What you will do: From the line containing "tommy hilfiger 85 jeans" through the last line of the material, copy every line exactly, both ends inclusive; do not copy pictures.

*** Supplied information ***

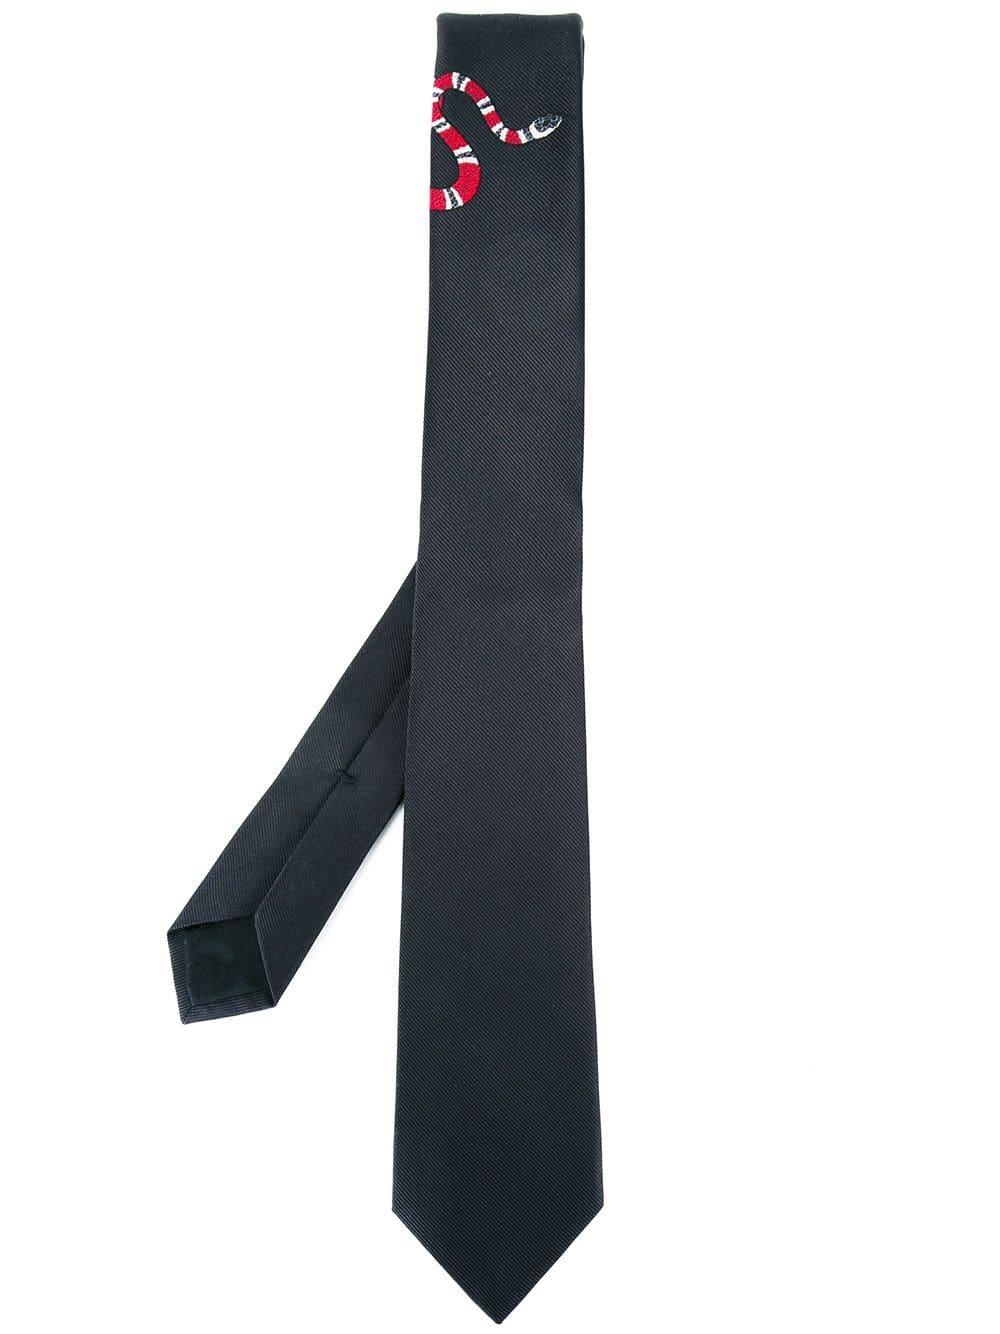 Gucci Silk Snake Print Tie in Black for Men - Lyst
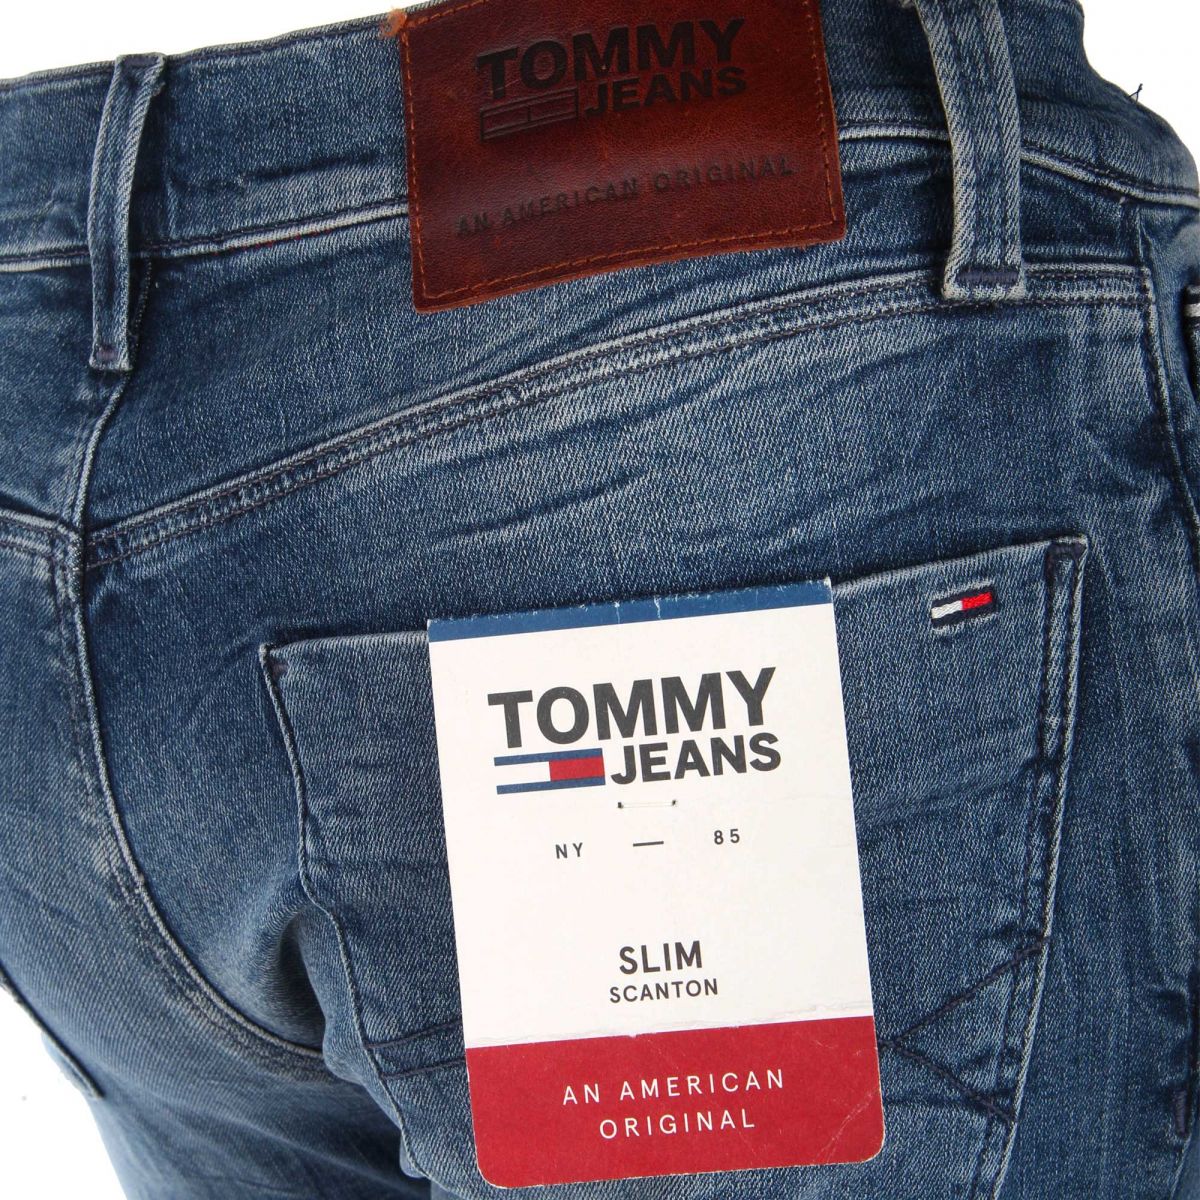 tommy hilfiger 85 jeans
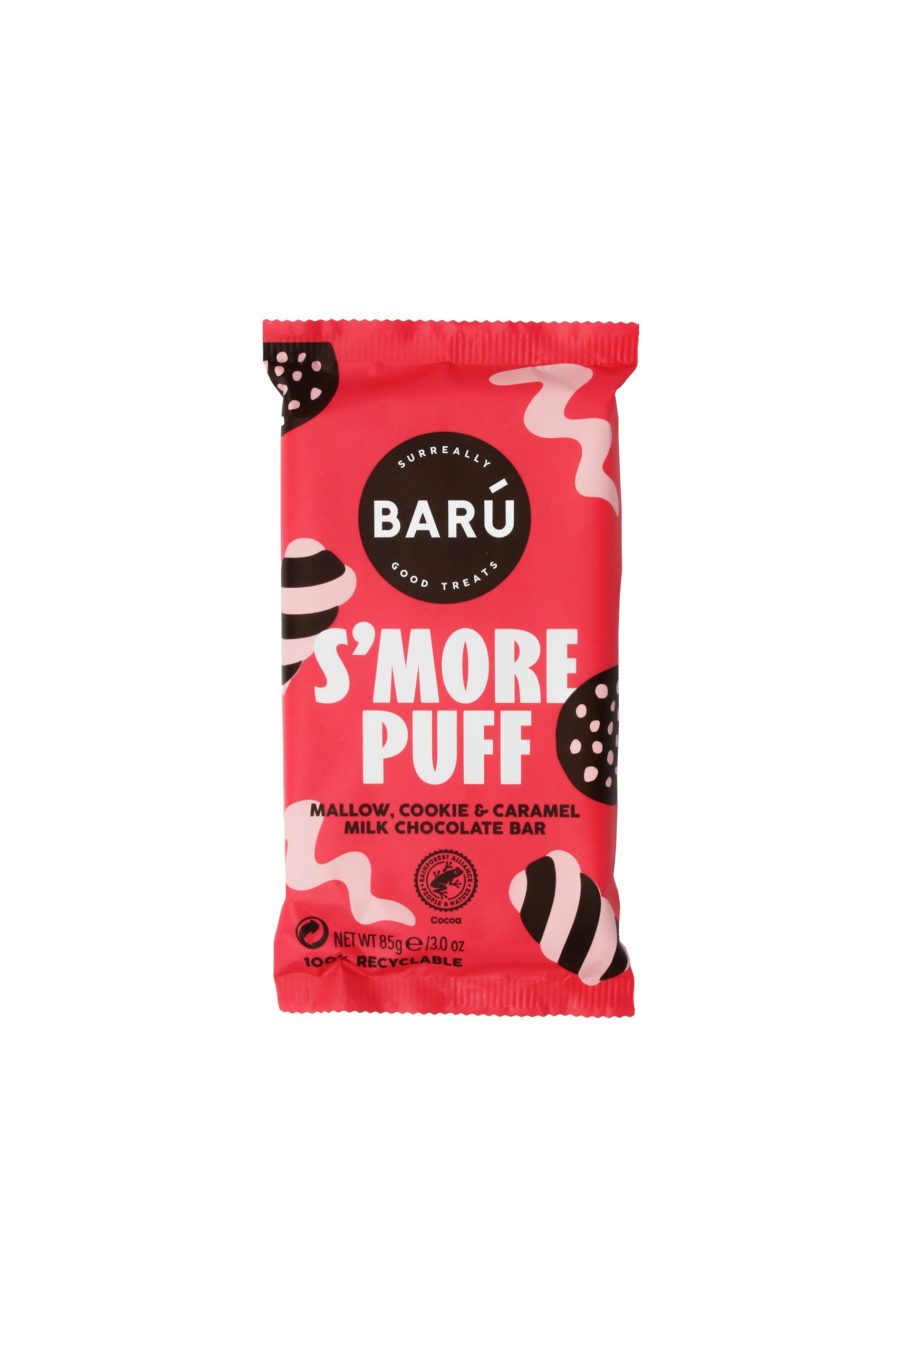 Baru S'More Puff Milk Chocolate Bar with Mallow, Cookie & Caramel

*** End of Supplied information ***

Solution for this exercise:
 tommy hilfiger 85 jeans
 Baru S'More Puff Milk Chocolate Bar with Mallow, Cookie & Caramel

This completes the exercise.